El exorcismo chino
JIANG QIN -viuda de Mao- y Zhang Chunqiao -ideólogo de la que se llamó banda de los cuatro- han sido indultados de la pena de muerte que pesaba sobre ellos desde el 25 de enero de 1981. Se han cumplido, con exactitud cronológica, los dos años de observación en los que se esperaba el arrepentimiento de los declarados culpables. Se habla ahora de refinamiento chino o de una especial mentalidad de orientales lejana de nuestro concepto del mundo y de la vida. Pero en Texas se ha aplazado, horas antes de la señalada para su cumplimiento, la pena de muerte impuesta en 1978 a Thomas A. Barefoot, pendiente de una nueva revisión señalada para el 26 de abril. Y el ya histórico Caryl Chessman fue condenado a muerte en 1948 y ejecutado el 2 de mayo de 1960, doce años después: no le bastó su arrepentimiento, y los que esperaban el arrepentimiento de la sociedad antes de aplicar una pena de muerte se vieron defraudados. Refinamientos no chinos.El juicio de Pekín, que duró desde el 20 de noviembre de 1980 al 25 de enero de 1981, no fue un juicio: fue un exorcismo. A los acusados se les imputó todo lo posible y lo imposible: desde presenciar películas pornográficas y celebrar orgías sexuales hasta trastornar el pensamiento del presidente Mao. Era, en realidad, ese pensamiento falsamente respetado y venerado el que se estaba exorcizando, alejando, depurando. Había sido mucho más limpio el acto votivo del XX Congreso del Partido Comunista de la Unión Soviética, el 25 de febrero de 1956, ofreciendo el sacrificio de la memoria de Stalin en aras de la coexistencia pacífica: también hay que reconocer que fue mucho menos eficaz, y que la evolución de la URSS no ha llegado al punto de la velocísima inversión del régimen chino. En todo caso, y desde un punto de vista ético, siempre hay mucho de repugnante en el acto de fijar el mal como absoluto en una o varias figuras humanas con las que los nuevos jueces han colaborado estrechamente. Ni siquiera en las grandes autocracias, ni en los tiempos de sublimación fanática de las figuras -Mao, Stalin, Hitler o, en su medida, Franco-, un largo sistema es obra de una sola persona.
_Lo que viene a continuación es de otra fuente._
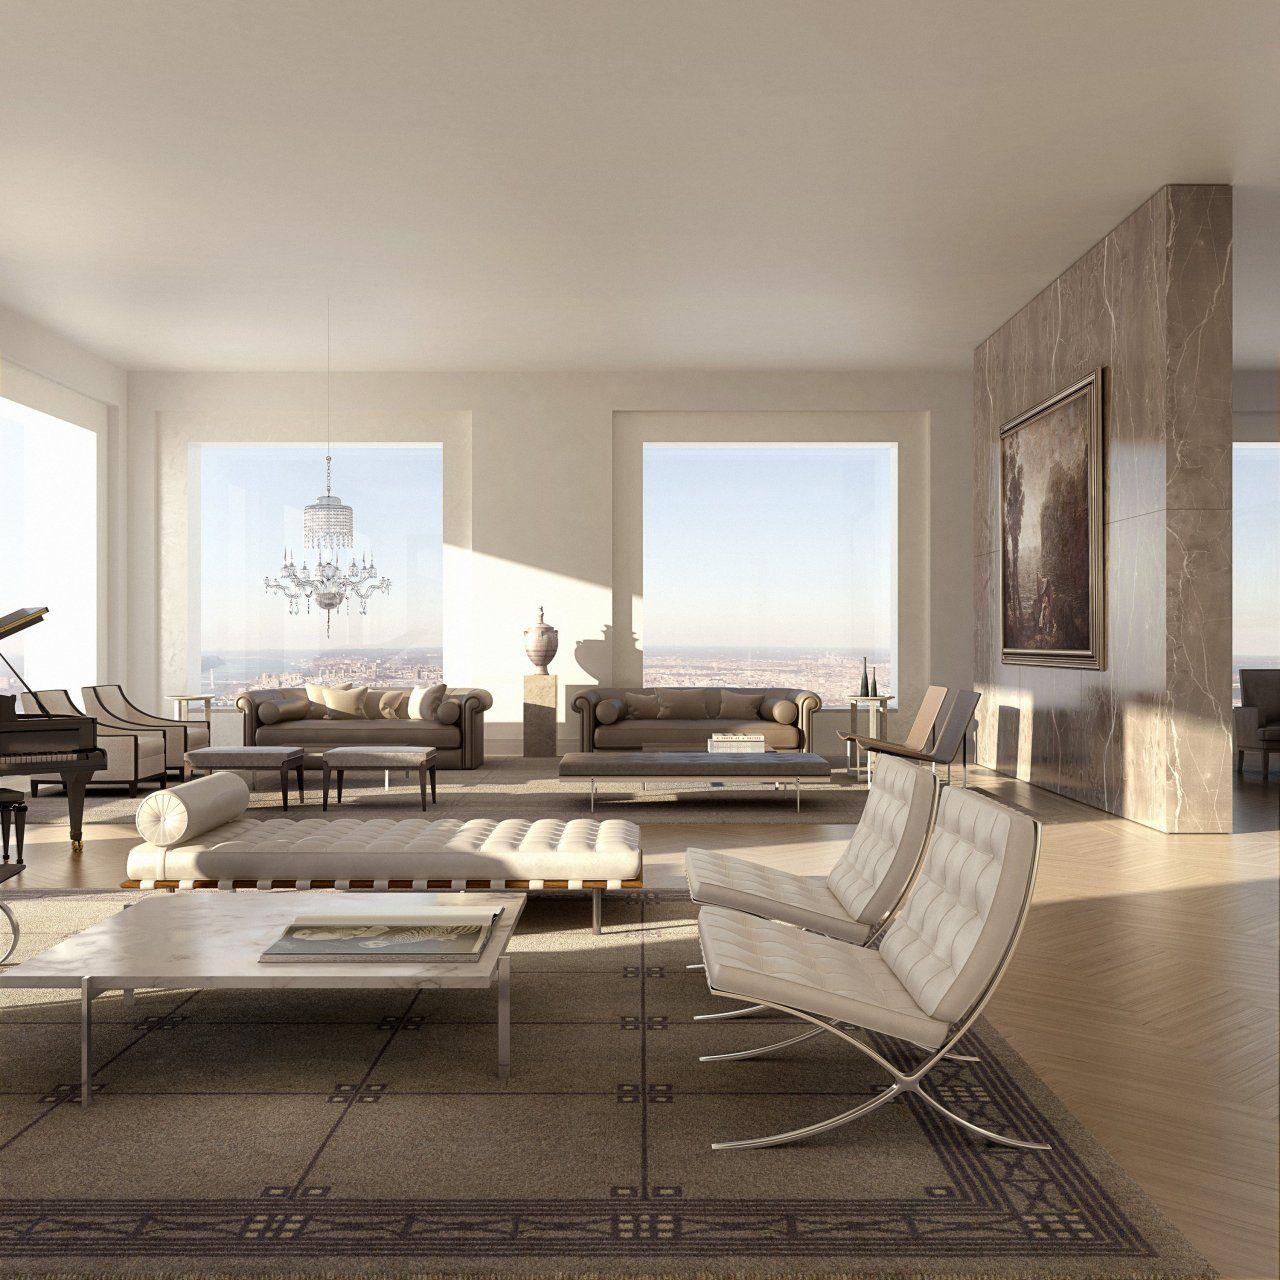 The Avenue By Executive Apartments: New York Penthouse, Park Avenue Apartment

Tan irreal como la condena de 1981 es la conmutación de 1983, basada en un buen comportamiento, ya que el arrepentimiento no se conoce, o no se ha proclamado. Se debe, principalmente, a que China ha conseguido que, en efecto, funcione su exorcismo, y el régimen actual, aún con resonancia en la oquedad burocrática del vocabulario comunista, haya iniciado una vía histórica distinta. Fusilar ahora a los dos antiguos condenados supondría un mal considerable para ese régimen, una contrapropaganda, sin proporcionar ningún beneficio: ni en el interior de un país que va encontrando una relativa relajación de costumbres, de trabajo y de relaciones, ni en un Occidente que trata de jugar a fondo la carta china y cuyas opiniones públicas rechazarían más bien con indignación estas ejecuciones. En todo caso, son decisiones meramente políticas, en las que los valores de justicia, piedad o humanismo no entran en ningun caso. Y que no son producto de un chinismo especial: en otros muchos países, bajo otros muchos regímenes, pasan cosas tan truculentas. O más.